Delen via


Azure Attestation clientbibliotheek voor Python - versie 1.0.0

De MAA-service (Microsoft Azure Attestation) is een geïntegreerde oplossing voor het extern verifiëren van de betrouwbaarheid van een platform en de integriteit van de binaire bestanden die erin worden uitgevoerd. De service ondersteunt attestation van de platforms die worden ondersteund door Trusted Platform Modules (TPM's), naast de mogelijkheid om de status van Trusted Execution Environments (TEE's) te bevestigen, zoals Intel(tm) SGX-enclaves (Software Guard Extensions) en VBS-enclaves (Virtualization-Based Security).

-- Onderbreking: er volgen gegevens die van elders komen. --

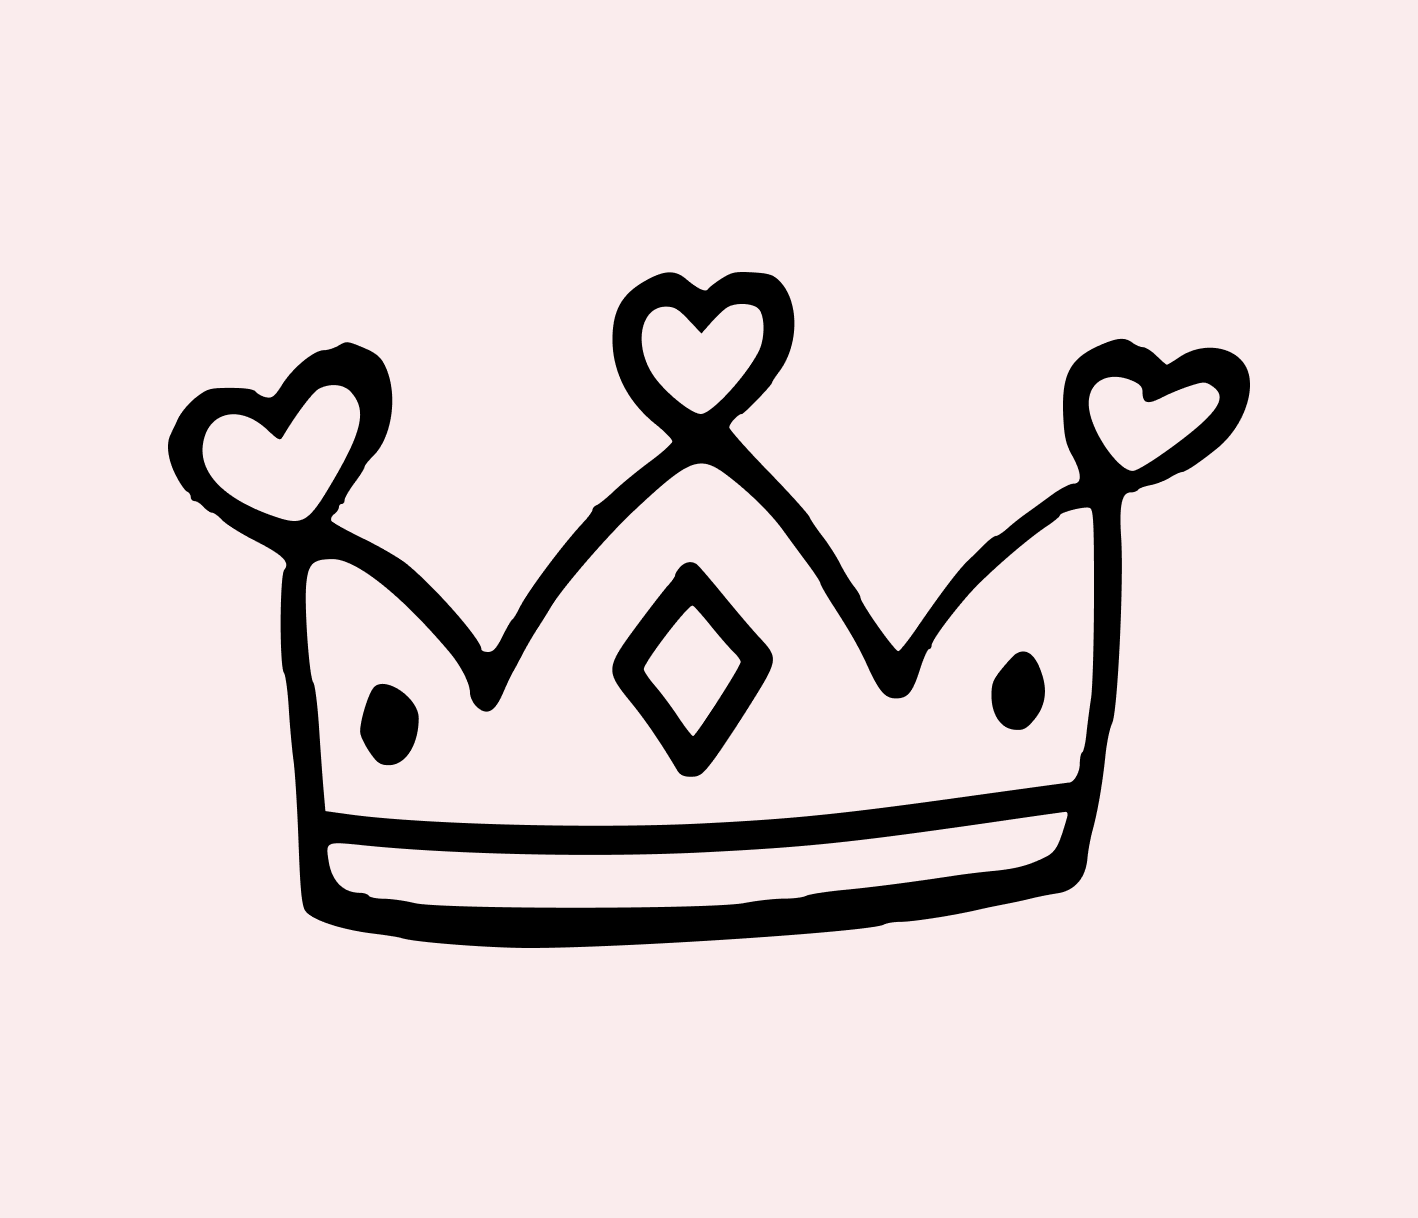 Amazon.com : Tattoos 2 Sheets King Queen Imperial Crown Temporary Tattoo  Body Fake Sticker Hand Arm Neck Wrist Art Sticker Party Fashion Fantasy  Tattoos for Men Women : Beauty & Personal Care

Attestation is een proces voor het demonstreren dat de software-binaire bestanden op de juiste manier op een vertrouwd platform zijn geïnstantieerd. Externe relying party's kunnen dan betrouwbaarheid krijgen dat alleen dergelijke bedoelde software wordt uitgevoerd op vertrouwde hardware. Azure Attestation is een uniforme klantgerichte service en kader voor Attestation.

Met Azure Attestation kunnen geavanceerde beveiligingsmodellen, zoals Azure Confidential Computing en Intelligent Edge-beveiliging. Klanten hebben de mogelijkheid gevraagd om de locatie van een machine onafhankelijk te controleren, het postuur van een virtuele machine (VM) op die computer en de omgeving waarin enclaves op die VM worden uitgevoerd. Met Azure Attestation kunnen deze en vele bijkomende aanvragen van klanten worden gestimuleerd.

Azure Attestation ontvangt bewijs van berekeningsentiteiten, zet ze om in een set claims, valideert ze op basis van configureerbare beleidsregels en produceert cryptografische bewijzen voor op claims gebaseerde toepassingen (bijvoorbeeld relying party's en controle-instanties).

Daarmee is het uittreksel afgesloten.